Голос как голос. Хрипловат правда, и слова выговаривает слегка непривычно, однако ж вполне по-людски…
Поймав себя на этаких мыслях, Жежень до того опешил, что даже на миг-другой перестал бояться. «По-людски»… А кем бы еще могли оказаться Чарусины гости? Ну, необычные гости, невиданные, так разве мало в здешние места наведывается всяческих немцов— иноземцев ?
— Он в стайне, — говорил между тем златокузнец. — Жена моя в избу его не пустила, он и пошел туда, в стайню-то. Это где конь.
— Его не имеется там, где конь — сказал ржавый. — Я засматривал.
Второй ржавый молчал, лишь едва заметно шевелил головой и все посапывал, пошмыгивал носом. Застудился, что ли, под холодным дождем?
Чаруса, похоже, начал терять терпение.
— Мало ль куды мог забрести хмельной дурень? — сказал он раздраженно.
Тот из ржавых, что дотоле помалкивал, вдруг качнул головою сильнее прежнего, и Жежень мгновенно облился ледяным потом. Привиделось ему, будто в тени клобука вспыхнули на краткую долю мига две багряные искры — вроде как хищные звериные очи взглянули с человечьего лика.
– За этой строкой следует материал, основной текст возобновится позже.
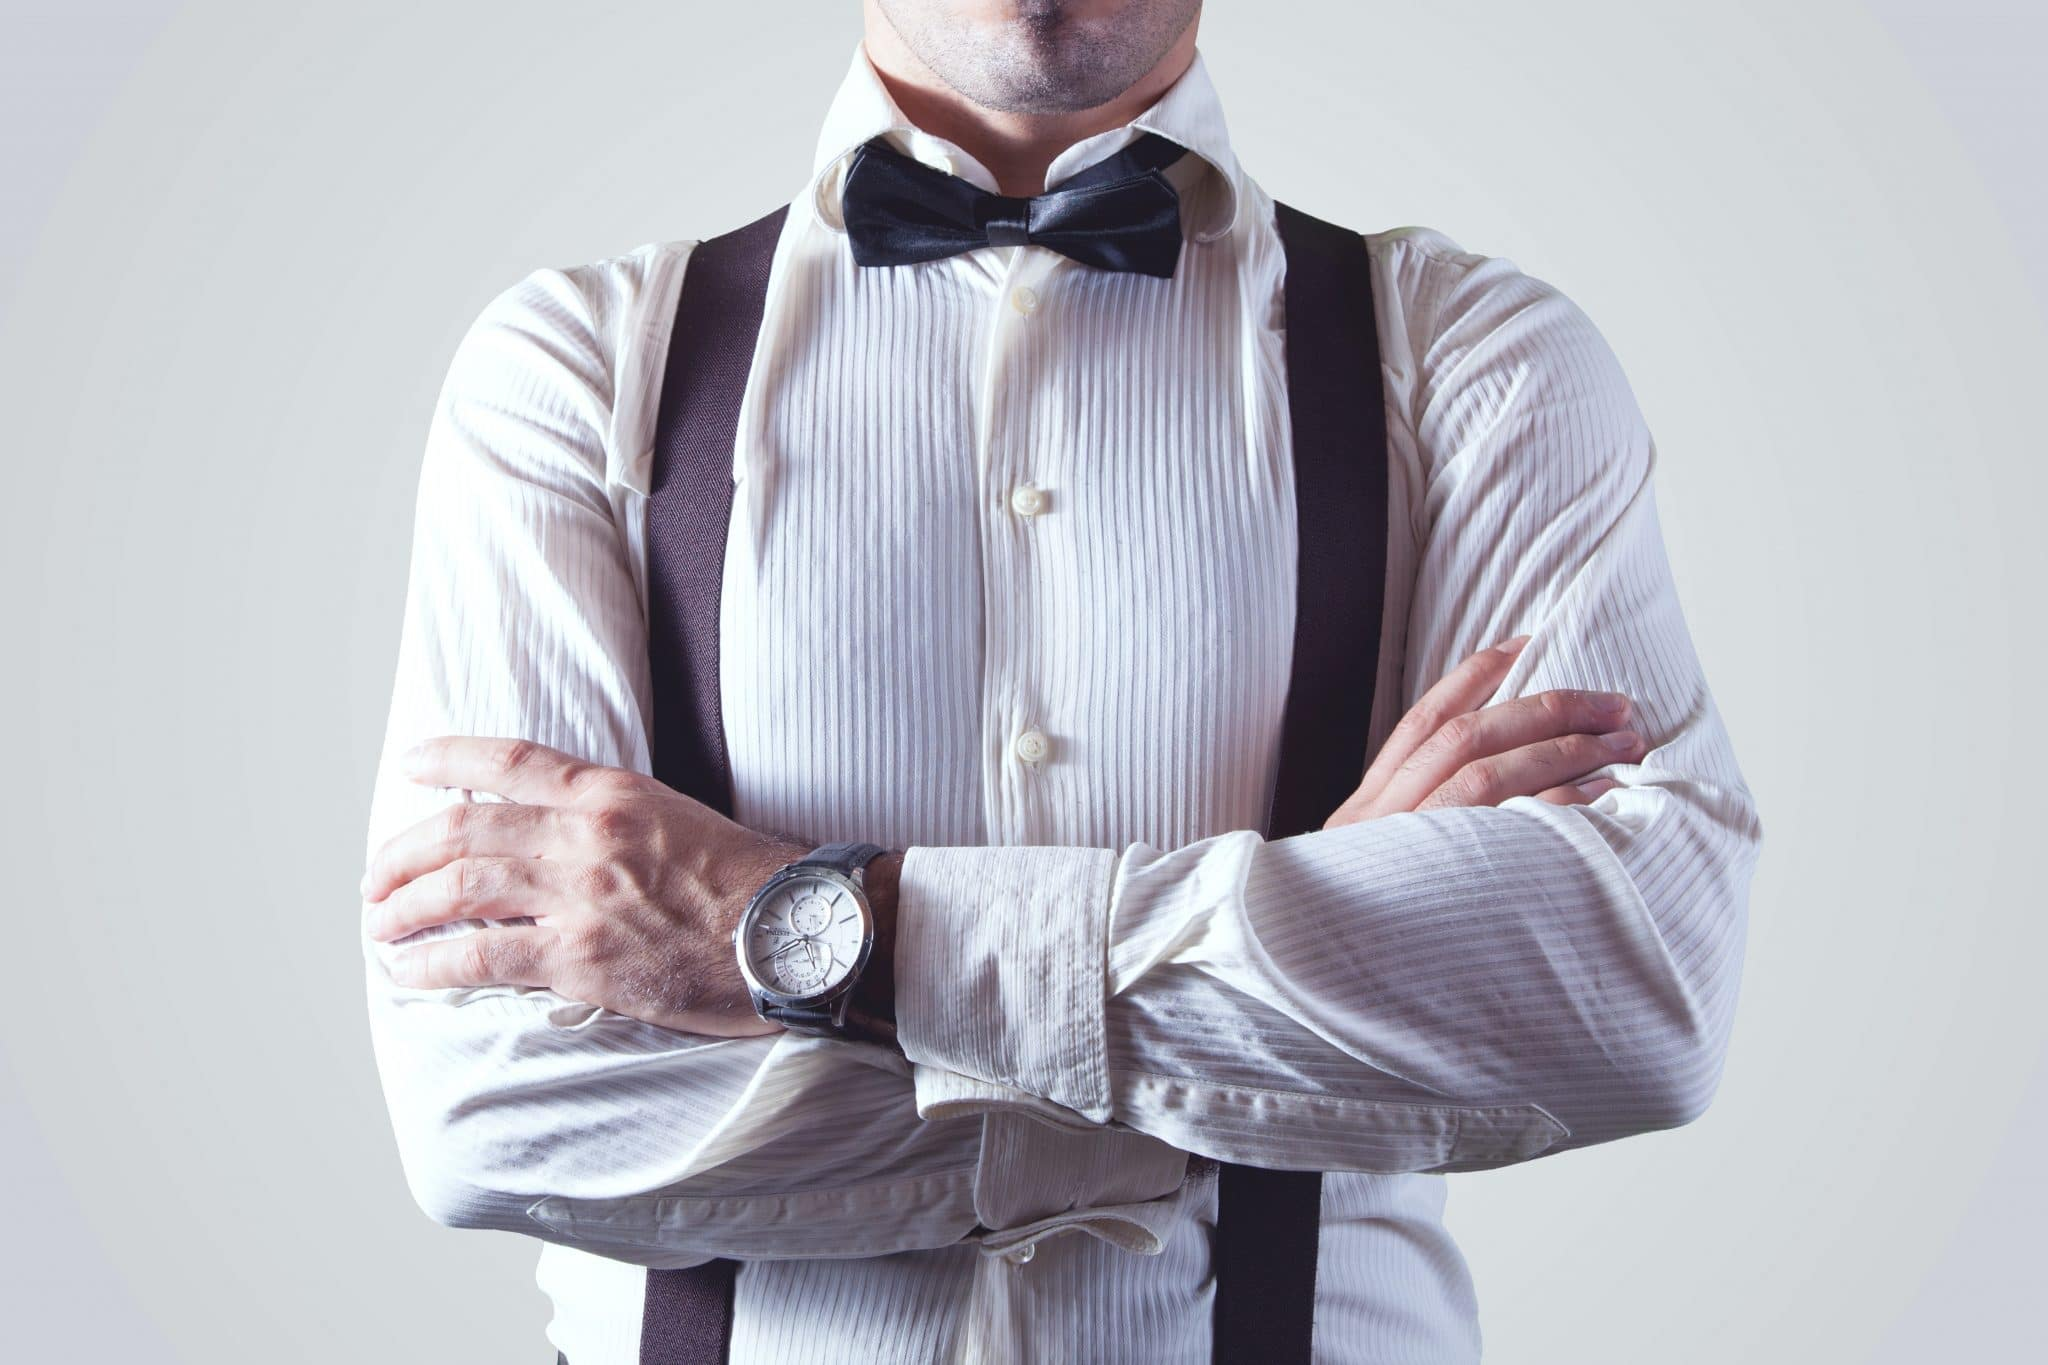 Où acheter vos bretelles ?

«Больше в рот не возьму проклятущей браги!» — мельком подумалось парню.
И тут Жежень наконец сообразил, что хмельной дурень, которого «не имеется» в стайне, — это он сам. Оказывается, это он отчего-то интересен неведомым жутким людям. Сообразил и истово возблагодарил собственную пьяную лень, сподобившую его уснуть под кучей неприглядного хлама.
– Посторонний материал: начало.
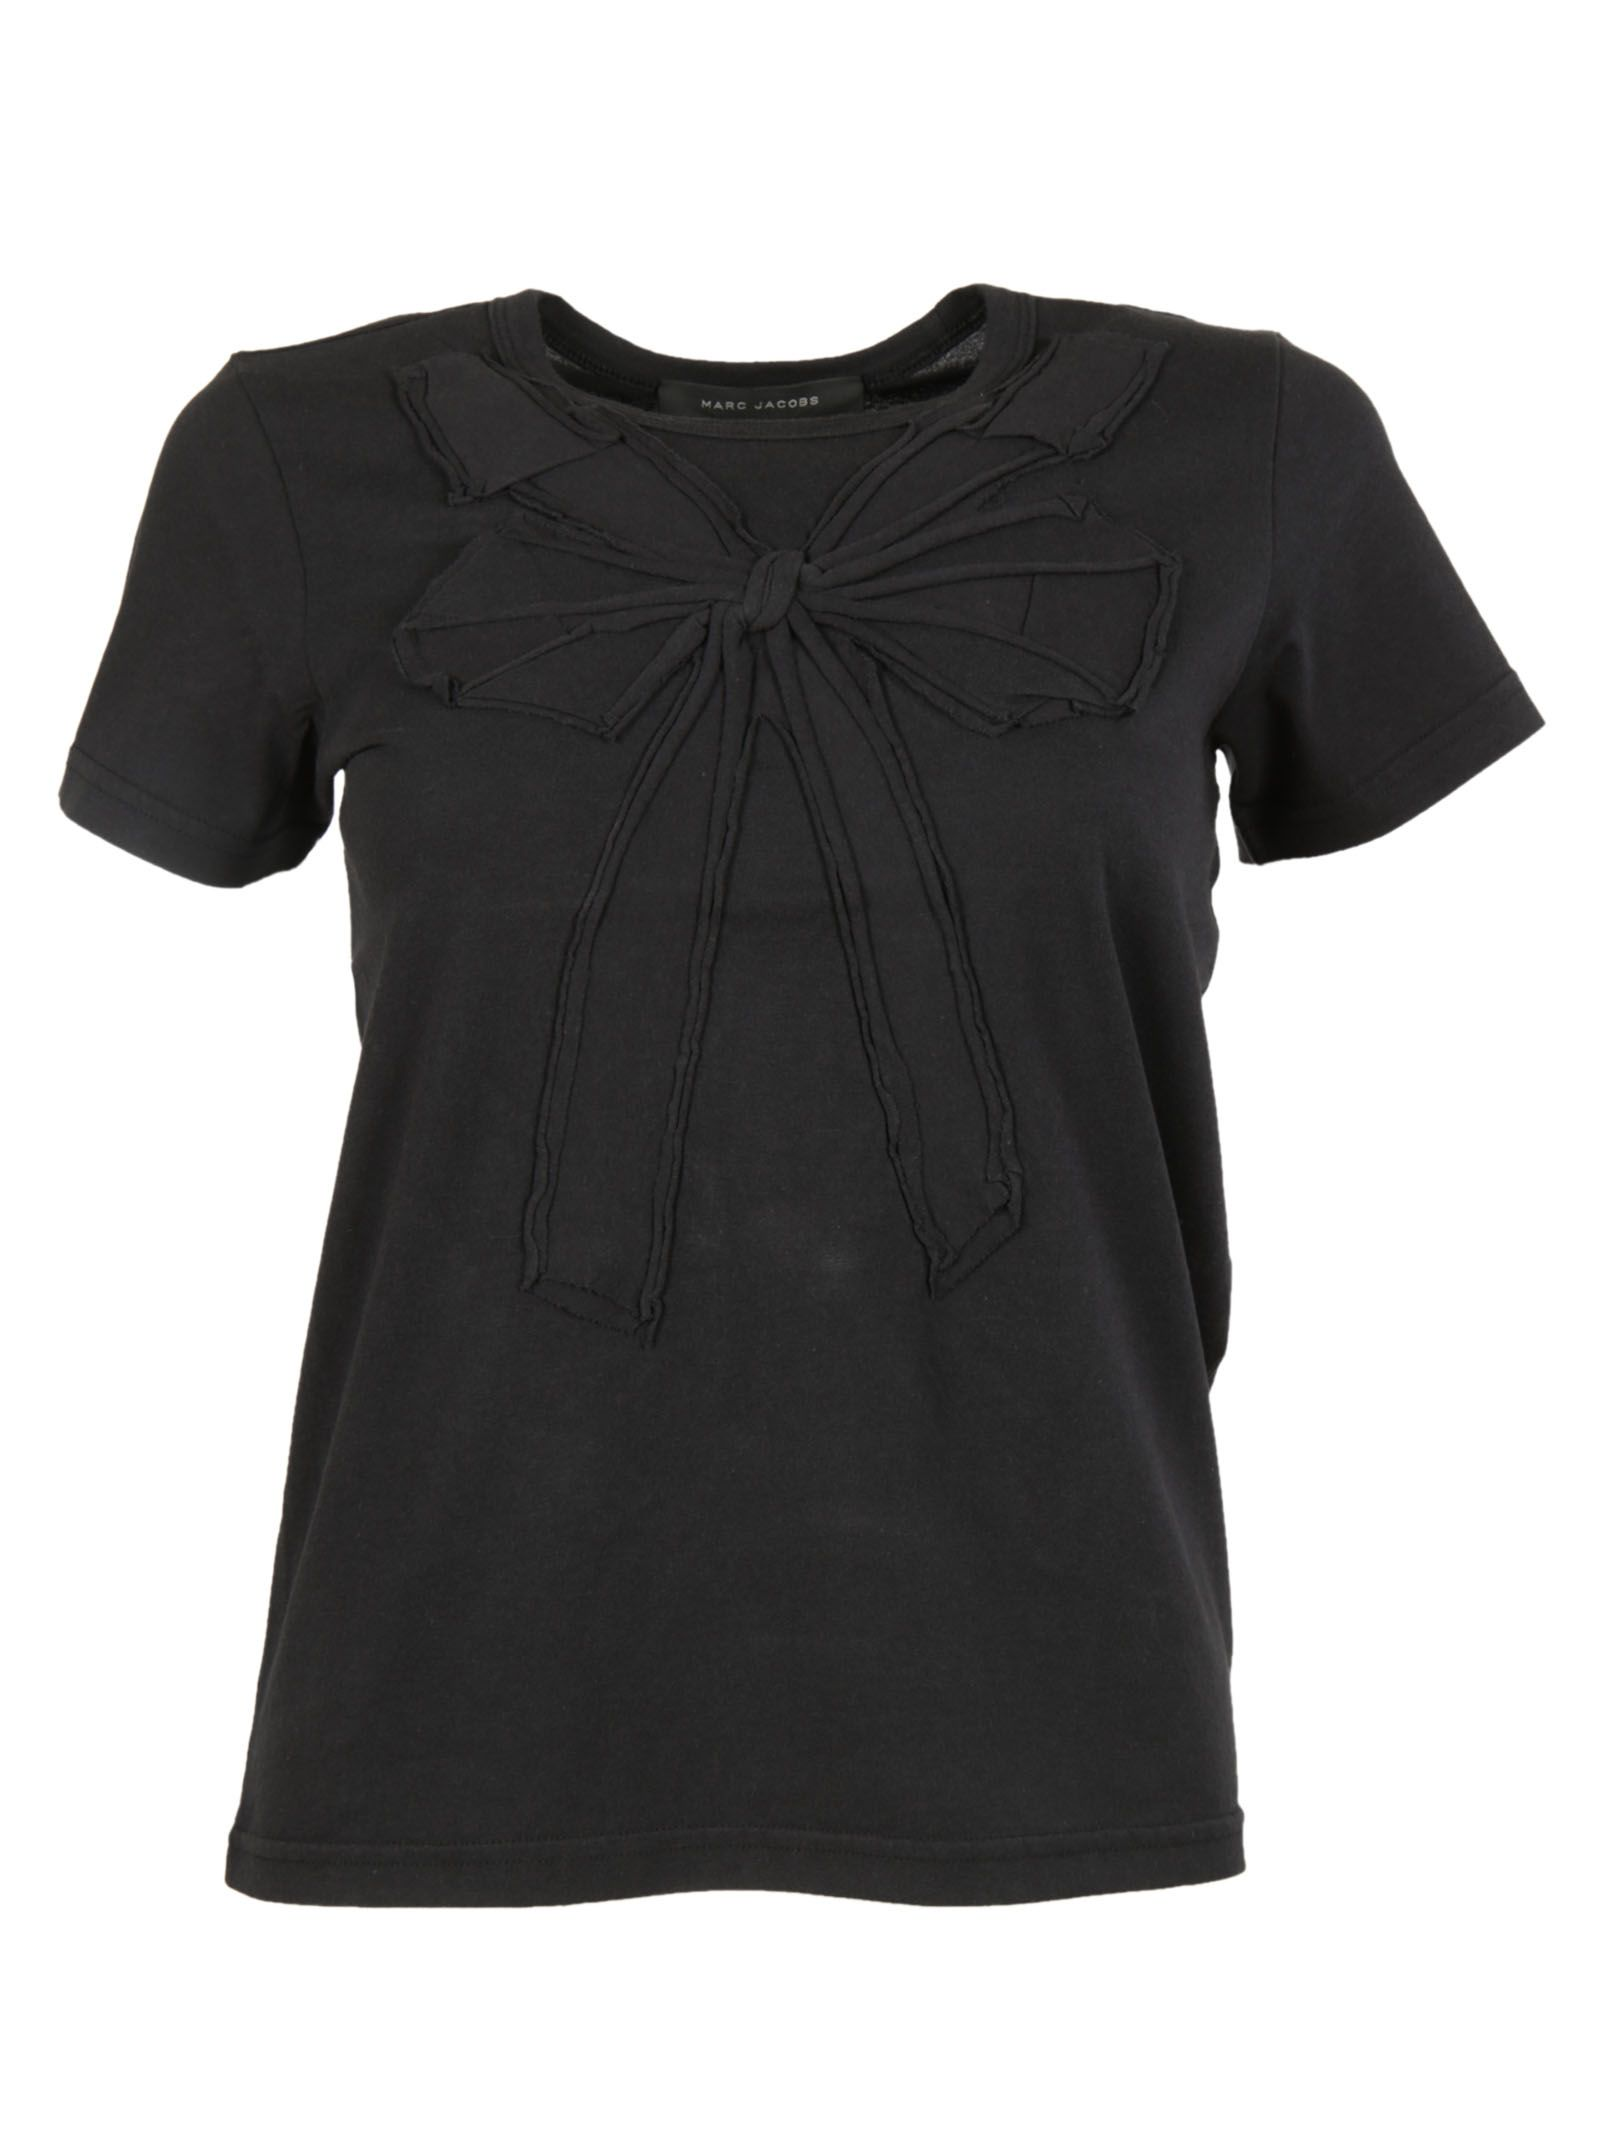 marc jacobs female 188971 black bow embroidery tshirt

А ржавый молчун внезапно сказал, не переставая сопеть:
— Тут пахнет еще одним человеком. Пот. Чад на волосах. Как ты, но не ты — молодше.
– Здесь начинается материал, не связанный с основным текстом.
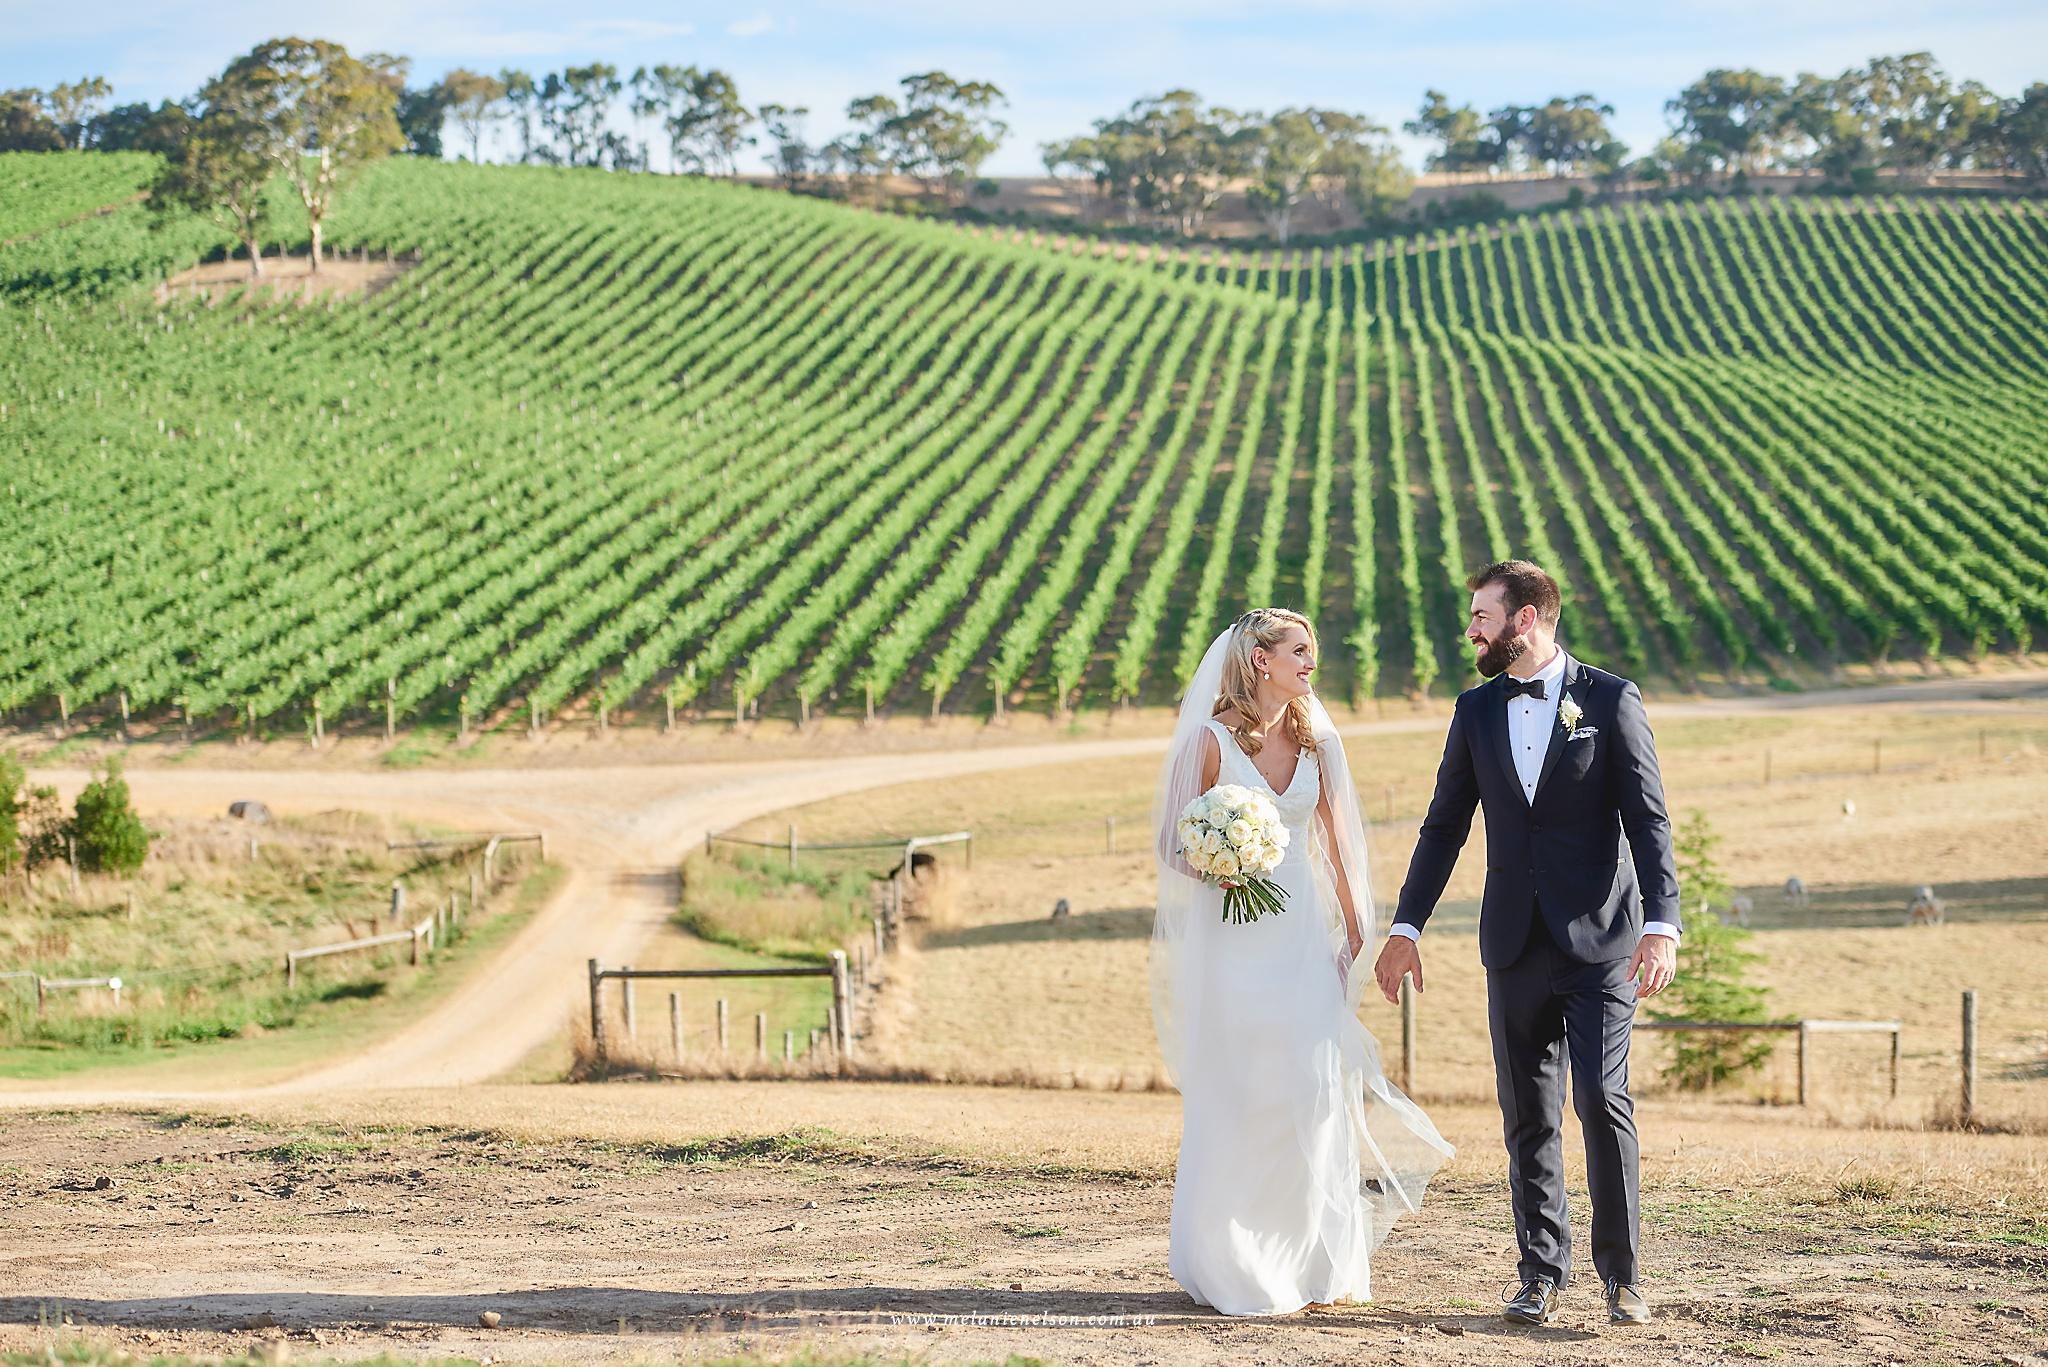 longview_vineyard_wedding_0056.jpg

Он явно собирался сказать что-то еще, но его сотоварищ внезапно выпростал ладонь из широкого рукава и резко взмахнул ею, словно бы комара отгонял.
Хвала богам, рука оказалась вполне нормальной. Волосатая, жилистая, не шибко чистая… Рука как рука, в общем. Вот только ногти ржавый давненько не подрезал, но уж это его заботы.
Да, рука как рука. А Жежень уж готовился увидать невесть что — особенно после блеснувших под клобуком огоньков.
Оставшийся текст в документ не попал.